**HOW TO COMPLETE THIS TASK:**
In the records below, find the line that contains "163221-1.jpg", then transcribe it and every later line exactly, stopping at the final line.

**DATA:**

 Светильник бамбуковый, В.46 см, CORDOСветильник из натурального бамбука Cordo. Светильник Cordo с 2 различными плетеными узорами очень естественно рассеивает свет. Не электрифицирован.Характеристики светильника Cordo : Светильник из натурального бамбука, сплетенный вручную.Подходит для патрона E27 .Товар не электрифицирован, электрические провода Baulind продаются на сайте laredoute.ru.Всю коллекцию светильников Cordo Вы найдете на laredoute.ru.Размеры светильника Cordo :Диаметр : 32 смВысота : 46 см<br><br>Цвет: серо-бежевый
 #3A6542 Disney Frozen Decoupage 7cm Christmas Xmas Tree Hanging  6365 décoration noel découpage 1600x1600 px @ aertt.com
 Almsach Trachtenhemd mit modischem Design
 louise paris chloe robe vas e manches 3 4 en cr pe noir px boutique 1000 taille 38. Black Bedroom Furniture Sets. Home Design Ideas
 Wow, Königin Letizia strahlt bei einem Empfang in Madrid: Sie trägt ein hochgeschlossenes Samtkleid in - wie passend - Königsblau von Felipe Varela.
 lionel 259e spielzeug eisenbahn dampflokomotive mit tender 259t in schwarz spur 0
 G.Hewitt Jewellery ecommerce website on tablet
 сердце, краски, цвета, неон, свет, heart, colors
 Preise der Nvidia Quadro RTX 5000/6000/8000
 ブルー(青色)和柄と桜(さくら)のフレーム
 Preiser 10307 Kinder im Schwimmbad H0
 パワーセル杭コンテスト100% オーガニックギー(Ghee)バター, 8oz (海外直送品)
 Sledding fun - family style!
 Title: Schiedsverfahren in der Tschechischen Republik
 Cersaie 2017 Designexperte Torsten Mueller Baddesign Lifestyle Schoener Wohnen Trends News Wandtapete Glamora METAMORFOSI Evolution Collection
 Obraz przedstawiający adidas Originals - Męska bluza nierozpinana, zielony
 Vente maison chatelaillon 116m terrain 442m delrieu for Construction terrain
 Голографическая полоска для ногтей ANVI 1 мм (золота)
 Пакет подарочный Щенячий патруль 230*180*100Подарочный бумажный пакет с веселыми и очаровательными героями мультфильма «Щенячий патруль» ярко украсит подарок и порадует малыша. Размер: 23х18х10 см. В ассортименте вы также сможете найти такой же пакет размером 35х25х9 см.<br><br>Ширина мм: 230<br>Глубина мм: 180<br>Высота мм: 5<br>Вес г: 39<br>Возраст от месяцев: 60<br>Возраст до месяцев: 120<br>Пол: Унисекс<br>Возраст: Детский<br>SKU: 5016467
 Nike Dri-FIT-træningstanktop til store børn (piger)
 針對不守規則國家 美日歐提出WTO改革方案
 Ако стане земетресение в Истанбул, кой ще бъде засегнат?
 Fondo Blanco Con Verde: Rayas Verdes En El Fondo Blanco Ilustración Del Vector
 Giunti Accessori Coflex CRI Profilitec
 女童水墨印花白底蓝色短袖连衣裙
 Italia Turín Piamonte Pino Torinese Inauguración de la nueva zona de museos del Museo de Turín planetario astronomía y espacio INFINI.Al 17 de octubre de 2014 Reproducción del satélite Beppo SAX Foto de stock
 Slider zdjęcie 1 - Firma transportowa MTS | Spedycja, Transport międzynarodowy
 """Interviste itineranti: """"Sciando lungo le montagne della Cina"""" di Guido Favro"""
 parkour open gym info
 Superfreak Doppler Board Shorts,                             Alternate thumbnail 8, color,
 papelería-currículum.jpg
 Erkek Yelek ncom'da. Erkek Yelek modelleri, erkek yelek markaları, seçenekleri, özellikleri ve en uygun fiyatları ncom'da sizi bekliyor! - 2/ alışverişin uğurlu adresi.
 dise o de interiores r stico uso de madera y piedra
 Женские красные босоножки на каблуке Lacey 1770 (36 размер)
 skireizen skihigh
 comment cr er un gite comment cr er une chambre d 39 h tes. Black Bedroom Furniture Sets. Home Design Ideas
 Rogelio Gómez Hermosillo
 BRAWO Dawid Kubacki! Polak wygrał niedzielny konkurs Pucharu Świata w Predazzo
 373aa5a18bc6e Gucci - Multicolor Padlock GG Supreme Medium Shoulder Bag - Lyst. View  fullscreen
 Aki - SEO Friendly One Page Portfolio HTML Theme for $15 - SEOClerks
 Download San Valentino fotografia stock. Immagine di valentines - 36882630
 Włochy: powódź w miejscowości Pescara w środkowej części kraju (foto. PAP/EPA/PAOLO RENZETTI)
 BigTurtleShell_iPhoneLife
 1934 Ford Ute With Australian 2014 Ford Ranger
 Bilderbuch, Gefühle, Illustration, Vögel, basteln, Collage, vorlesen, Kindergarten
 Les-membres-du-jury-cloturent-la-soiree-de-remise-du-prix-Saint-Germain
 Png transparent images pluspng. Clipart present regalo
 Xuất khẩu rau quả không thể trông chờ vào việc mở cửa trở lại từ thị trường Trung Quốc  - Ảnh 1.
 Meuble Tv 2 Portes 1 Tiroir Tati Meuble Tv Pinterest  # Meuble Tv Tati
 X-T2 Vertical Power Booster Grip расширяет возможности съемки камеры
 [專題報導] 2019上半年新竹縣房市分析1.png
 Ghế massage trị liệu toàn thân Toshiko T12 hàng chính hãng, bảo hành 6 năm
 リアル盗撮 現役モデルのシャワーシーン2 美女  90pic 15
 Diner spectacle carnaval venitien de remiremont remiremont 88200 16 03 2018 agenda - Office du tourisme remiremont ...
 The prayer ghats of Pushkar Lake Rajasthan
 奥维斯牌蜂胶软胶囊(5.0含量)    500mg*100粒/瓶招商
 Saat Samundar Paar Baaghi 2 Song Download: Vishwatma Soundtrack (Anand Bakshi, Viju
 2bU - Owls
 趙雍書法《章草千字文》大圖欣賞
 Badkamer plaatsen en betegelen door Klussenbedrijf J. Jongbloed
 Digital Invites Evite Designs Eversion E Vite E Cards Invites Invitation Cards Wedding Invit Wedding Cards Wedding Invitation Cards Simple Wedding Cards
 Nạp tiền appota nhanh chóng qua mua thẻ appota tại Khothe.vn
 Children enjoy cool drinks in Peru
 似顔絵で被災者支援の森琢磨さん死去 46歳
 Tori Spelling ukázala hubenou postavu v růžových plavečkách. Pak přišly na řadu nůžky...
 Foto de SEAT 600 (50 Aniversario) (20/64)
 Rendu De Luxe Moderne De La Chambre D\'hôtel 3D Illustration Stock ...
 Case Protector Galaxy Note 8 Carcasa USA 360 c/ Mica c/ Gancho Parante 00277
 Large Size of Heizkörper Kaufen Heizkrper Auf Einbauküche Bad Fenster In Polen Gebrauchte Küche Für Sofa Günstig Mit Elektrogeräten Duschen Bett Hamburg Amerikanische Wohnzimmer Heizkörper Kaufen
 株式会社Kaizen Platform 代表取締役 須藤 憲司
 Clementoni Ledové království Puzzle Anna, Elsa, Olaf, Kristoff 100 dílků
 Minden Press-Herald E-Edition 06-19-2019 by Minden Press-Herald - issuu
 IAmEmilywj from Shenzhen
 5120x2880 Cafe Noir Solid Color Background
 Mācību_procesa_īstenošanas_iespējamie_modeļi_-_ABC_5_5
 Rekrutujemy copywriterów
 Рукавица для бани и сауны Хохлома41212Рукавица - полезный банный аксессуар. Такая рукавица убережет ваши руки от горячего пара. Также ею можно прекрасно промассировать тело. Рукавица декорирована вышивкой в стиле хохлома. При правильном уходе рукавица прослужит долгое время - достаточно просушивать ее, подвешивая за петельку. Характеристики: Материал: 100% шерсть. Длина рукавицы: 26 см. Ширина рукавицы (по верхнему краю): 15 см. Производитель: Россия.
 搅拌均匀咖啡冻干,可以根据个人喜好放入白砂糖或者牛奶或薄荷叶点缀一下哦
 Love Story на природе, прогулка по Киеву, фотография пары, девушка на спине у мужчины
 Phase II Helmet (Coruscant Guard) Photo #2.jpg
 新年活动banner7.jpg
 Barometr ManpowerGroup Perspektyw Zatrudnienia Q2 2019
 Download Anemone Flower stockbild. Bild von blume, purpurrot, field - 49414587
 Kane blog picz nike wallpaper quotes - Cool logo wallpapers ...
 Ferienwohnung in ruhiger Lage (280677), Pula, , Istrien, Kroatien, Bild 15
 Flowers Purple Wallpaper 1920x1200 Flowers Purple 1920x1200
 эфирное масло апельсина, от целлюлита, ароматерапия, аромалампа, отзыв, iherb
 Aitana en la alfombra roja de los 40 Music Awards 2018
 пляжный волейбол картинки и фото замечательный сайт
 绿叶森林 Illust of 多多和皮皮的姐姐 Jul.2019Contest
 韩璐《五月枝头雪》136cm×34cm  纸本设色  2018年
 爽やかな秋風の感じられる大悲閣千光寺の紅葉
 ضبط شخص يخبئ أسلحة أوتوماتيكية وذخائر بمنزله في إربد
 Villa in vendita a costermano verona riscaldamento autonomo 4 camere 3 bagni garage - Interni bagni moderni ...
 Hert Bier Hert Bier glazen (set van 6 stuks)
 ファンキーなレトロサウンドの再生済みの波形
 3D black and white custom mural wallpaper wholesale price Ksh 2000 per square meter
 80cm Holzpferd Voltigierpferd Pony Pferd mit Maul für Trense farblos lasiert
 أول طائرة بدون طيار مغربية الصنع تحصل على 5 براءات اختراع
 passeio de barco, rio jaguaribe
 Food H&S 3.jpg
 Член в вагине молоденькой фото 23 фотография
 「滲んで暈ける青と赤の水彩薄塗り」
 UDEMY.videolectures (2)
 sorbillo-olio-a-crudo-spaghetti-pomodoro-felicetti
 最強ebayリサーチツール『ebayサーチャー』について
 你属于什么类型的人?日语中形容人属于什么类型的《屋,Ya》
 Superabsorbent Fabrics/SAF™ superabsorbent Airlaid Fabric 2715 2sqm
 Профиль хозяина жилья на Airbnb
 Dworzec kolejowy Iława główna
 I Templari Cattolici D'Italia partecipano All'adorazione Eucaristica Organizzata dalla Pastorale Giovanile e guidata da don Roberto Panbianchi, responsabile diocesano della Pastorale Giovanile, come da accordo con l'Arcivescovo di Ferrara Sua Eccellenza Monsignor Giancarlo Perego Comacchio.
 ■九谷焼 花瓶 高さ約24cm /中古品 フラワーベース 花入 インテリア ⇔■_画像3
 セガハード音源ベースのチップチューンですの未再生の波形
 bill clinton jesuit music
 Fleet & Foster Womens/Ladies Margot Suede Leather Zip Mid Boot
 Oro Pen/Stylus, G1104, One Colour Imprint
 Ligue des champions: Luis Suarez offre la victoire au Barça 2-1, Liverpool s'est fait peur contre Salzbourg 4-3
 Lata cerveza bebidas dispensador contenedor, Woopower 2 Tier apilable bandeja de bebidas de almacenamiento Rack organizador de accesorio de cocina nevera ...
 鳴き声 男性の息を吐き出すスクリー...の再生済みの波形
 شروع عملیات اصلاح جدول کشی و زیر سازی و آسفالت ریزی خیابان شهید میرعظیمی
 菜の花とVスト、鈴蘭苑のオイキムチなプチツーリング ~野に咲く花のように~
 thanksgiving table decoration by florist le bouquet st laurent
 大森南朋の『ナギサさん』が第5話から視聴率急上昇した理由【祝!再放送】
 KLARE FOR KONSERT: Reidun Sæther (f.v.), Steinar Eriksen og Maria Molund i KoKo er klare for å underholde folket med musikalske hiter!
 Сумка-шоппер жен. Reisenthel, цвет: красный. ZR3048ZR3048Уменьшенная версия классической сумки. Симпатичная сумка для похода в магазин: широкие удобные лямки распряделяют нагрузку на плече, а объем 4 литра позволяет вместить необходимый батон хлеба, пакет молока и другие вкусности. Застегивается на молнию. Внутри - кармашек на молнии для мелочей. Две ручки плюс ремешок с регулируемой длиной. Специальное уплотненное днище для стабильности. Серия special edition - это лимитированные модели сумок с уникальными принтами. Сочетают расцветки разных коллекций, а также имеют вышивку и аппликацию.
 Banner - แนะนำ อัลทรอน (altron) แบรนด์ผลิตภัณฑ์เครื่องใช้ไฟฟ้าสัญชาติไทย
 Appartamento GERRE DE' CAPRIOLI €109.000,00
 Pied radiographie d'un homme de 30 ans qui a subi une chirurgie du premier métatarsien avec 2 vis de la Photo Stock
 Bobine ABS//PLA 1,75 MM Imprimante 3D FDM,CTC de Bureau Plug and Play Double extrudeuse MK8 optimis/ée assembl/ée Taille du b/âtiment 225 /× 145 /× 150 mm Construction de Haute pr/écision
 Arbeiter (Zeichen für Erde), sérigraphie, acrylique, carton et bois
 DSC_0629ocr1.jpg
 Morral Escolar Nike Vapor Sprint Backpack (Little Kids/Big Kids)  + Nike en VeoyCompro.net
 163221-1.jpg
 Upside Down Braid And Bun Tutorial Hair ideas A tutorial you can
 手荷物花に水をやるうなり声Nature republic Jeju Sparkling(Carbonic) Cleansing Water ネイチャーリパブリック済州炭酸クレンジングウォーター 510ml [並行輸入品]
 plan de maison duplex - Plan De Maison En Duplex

**RESULT BELOW:**
 163221-1.jpg
 Upside Down Braid And Bun Tutorial Hair ideas A tutorial you can
 手荷物花に水をやるうなり声Nature republic Jeju Sparkling(Carbonic) Cleansing Water ネイチャーリパブリック済州炭酸クレンジングウォーター 510ml [並行輸入品]
 plan de maison duplex - Plan De Maison En Duplex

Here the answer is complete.